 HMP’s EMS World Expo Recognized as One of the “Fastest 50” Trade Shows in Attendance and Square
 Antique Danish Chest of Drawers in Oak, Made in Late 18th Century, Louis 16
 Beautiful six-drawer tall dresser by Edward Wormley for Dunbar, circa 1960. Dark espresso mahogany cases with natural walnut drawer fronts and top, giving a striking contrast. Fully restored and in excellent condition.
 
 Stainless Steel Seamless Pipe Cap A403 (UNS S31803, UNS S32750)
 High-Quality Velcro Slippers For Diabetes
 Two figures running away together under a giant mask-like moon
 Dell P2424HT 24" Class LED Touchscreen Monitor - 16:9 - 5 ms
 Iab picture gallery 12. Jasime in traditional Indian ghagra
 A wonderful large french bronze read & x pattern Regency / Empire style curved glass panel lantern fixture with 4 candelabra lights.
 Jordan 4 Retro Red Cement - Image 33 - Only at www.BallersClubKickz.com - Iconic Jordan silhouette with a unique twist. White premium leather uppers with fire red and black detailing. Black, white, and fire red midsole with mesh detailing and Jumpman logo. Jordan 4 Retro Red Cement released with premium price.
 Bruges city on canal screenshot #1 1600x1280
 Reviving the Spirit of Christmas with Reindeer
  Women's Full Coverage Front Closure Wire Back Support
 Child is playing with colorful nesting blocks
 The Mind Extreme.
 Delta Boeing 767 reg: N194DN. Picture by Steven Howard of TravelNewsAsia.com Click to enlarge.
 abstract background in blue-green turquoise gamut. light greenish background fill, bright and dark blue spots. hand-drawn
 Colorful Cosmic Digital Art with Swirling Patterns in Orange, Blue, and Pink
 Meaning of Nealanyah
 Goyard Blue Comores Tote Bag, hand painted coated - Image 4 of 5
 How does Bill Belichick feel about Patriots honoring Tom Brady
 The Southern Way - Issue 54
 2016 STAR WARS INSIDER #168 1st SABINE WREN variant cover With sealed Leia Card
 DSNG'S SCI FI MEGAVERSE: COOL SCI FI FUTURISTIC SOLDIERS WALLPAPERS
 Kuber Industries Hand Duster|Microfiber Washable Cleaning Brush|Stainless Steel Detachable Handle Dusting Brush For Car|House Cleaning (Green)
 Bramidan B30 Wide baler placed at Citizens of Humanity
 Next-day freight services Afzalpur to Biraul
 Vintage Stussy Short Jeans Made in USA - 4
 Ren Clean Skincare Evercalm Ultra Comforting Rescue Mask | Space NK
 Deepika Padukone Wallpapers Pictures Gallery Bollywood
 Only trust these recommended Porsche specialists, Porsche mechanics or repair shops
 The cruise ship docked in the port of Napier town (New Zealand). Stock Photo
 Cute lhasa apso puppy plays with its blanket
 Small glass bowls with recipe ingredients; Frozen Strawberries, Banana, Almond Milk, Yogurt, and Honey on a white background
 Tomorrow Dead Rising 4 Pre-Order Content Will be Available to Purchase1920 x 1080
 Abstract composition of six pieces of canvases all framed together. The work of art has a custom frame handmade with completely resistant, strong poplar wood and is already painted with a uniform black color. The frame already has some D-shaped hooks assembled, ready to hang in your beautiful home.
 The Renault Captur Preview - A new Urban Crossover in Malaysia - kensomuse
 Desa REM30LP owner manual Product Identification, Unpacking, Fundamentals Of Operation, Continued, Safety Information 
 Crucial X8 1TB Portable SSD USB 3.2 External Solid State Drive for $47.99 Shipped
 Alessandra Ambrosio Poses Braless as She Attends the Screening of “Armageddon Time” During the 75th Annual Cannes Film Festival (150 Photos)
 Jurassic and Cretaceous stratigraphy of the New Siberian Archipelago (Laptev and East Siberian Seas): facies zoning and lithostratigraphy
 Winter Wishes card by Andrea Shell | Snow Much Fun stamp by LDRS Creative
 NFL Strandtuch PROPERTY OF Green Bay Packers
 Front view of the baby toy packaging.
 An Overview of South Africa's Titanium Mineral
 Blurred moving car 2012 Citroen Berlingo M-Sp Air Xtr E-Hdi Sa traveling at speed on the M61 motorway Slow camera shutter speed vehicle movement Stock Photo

**Goal of the exercise**.
Please copy exactly the lines from the first line of the records above through the line containing "A wonderful large french", including both, and nothing more.

**Task solution**.
 HMP’s EMS World Expo Recognized as One of the “Fastest 50” Trade Shows in Attendance and Square
 Antique Danish Chest of Drawers in Oak, Made in Late 18th Century, Louis 16
 Beautiful six-drawer tall dresser by Edward Wormley for Dunbar, circa 1960. Dark espresso mahogany cases with natural walnut drawer fronts and top, giving a striking contrast. Fully restored and in excellent condition.
 
 Stainless Steel Seamless Pipe Cap A403 (UNS S31803, UNS S32750)
 High-Quality Velcro Slippers For Diabetes
 Two figures running away together under a giant mask-like moon
 Dell P2424HT 24" Class LED Touchscreen Monitor - 16:9 - 5 ms
 Iab picture gallery 12. Jasime in traditional Indian ghagra
 A wonderful large french bronze read & x pattern Regency / Empire style curved glass panel lantern fixture with 4 candelabra lights.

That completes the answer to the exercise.